Солдаты спускались по новой дороге. Они забирали наискосок, чтобы выиграть расстояние. Теперь они видели перед собой уже не стену неприступных кустов, а скрывавшегося зверя, которого надо догнать.

И все им теперь казалось легче.

Валаев отдался охоте с упоением. Он готов был лететь по воздуху. И, как всегда на охоте, охвачен был тем особенным состоянием, когда слух становится острее, глаза лучше видят и является особое чутье, точно человек входит в душу зверя и предугадывает, куда бы зверь должен был побежать, что сделать, где спрятаться.

Волк, кабан, Аркизов, олень – для Валаева было безразлично. Важна была – охота. И он бежал с ружьем в руках, бодрый, радостный, сильный. Ловил каждый шорох. Пронизывал взглядом темную заросль и видел, и чувствовал зверя уже недалеко от себя.

Креморенко тоже оживился. Не отставал. Мял в потных руках ружье. И чему-то довольно улыбался. Даже Мазаев выказывал признаки воодушевления, большое белое лицо его начало покрываться странным багровым румянцем.

Когда добежали до ручья, Мазаев и Креморенко хотели перескочить его и бежать дальше, в гору. Но Валаев вдруг остановился и замер неподвижно:

– Зверь пошел по ручью…

Мысль эта сверкнула как внезапный удар.
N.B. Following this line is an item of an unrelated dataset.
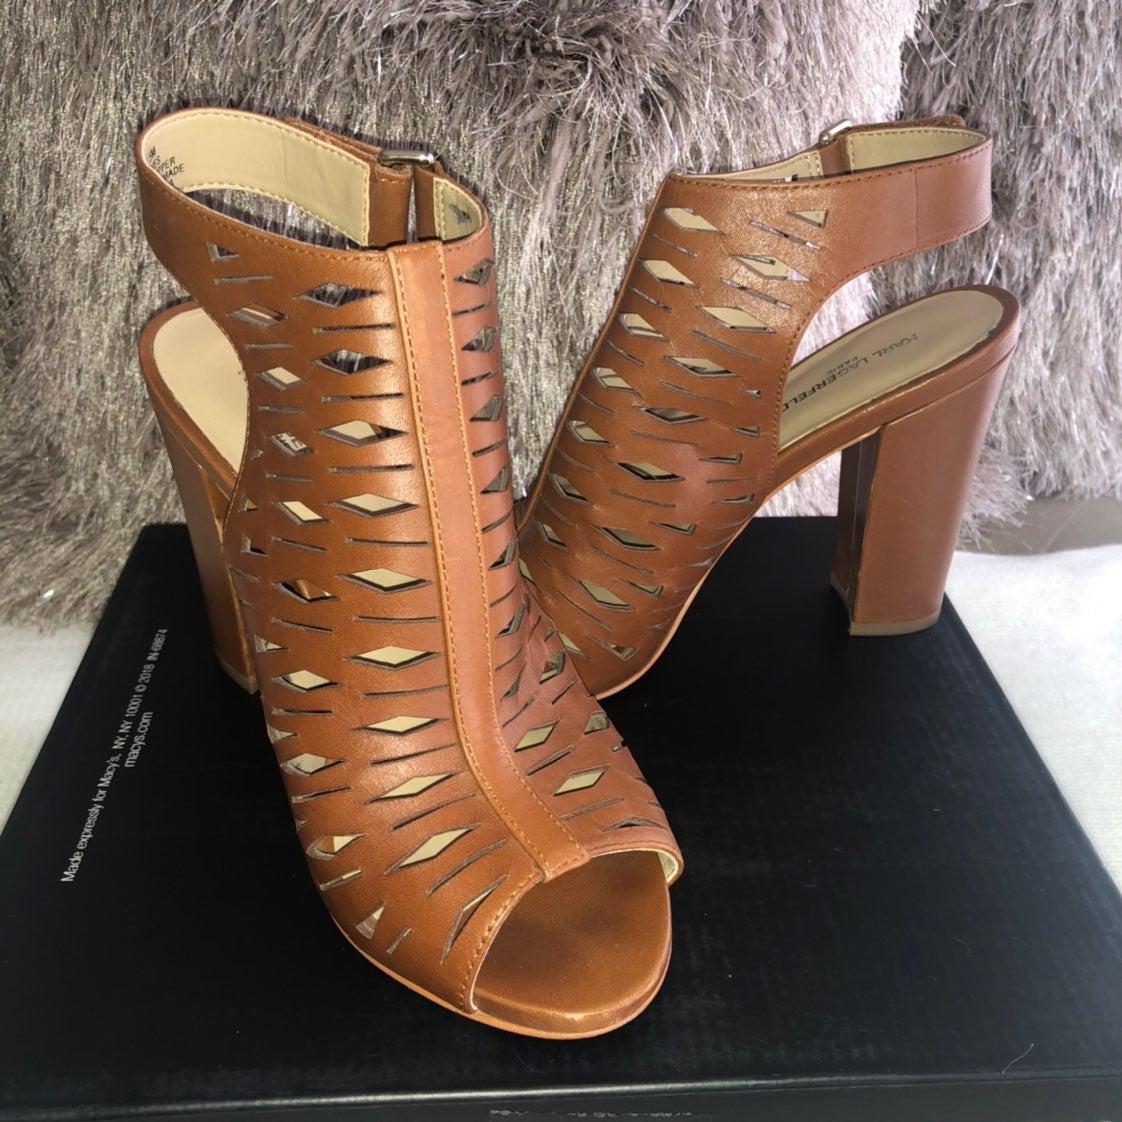 Karl Lagerfeld Rennes Block Heel Sandals
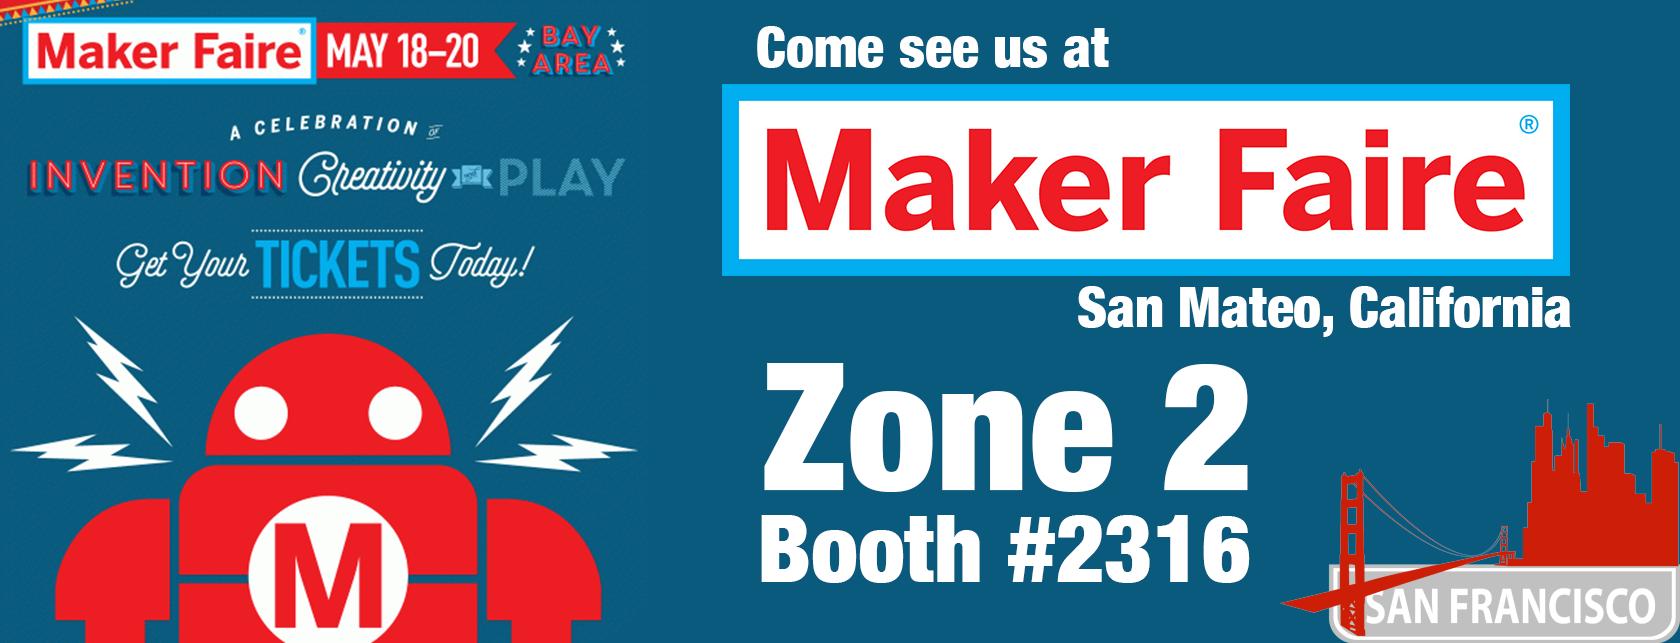 Laser Talk Guys Head To Maker Faire, Bay Area

Отчетливо, ясно, уверенно.

– По ручью пошел, – едва выговорил он.

И ни Мазаев, ни Креморенко не спросили, почему он так думает; молча повинуясь его уверенности, оба побежали за ним вдоль ручья.

Аркизов бежал без передышки. Он знал, что ручей выходит на большую лощину, за которой начинаются неприступные горы, и что, если он незамеченный перебежит это открытое место, он спасен.

Камни на дне ручья сухо стучали под его ногами, но он жадно вслушивался не в этот звук, а в другой, который старался различить далеко за собой. Ему казалось, что он уже слышит неровный топот ног. Он все ускорял и ускорял бег, и чем быстрее бежал, тем яснее чувствовал, что погоня пошла по ручью, что охотники близко, что надо налечь изо всех сил, чтобы успеть скрыться в скалистых горах раньше, чем солдаты выскочат из чащи. И он изгибался как змея между нависших ветвей и как ветер летел по извилистому ручью.

Валаев теперь знал наверное не только то, что зверь пошел по этой дороге, но и то, что расстояние между ними медленно, но сокращается, что зверь устал и что, если выдержать еще полчаса такого бега, его можно будет взять живьем. И вздрагивая от этой радостной уверенности, крепко стиснув зубы, не замечая ничего вокруг себя, он все больше и больше приближался к зверю.

Аркизов уже ясно слышал за собой топот ног. Но скрыться было некуда. Выход по-прежнему оставался один: успеть перебежать лощину.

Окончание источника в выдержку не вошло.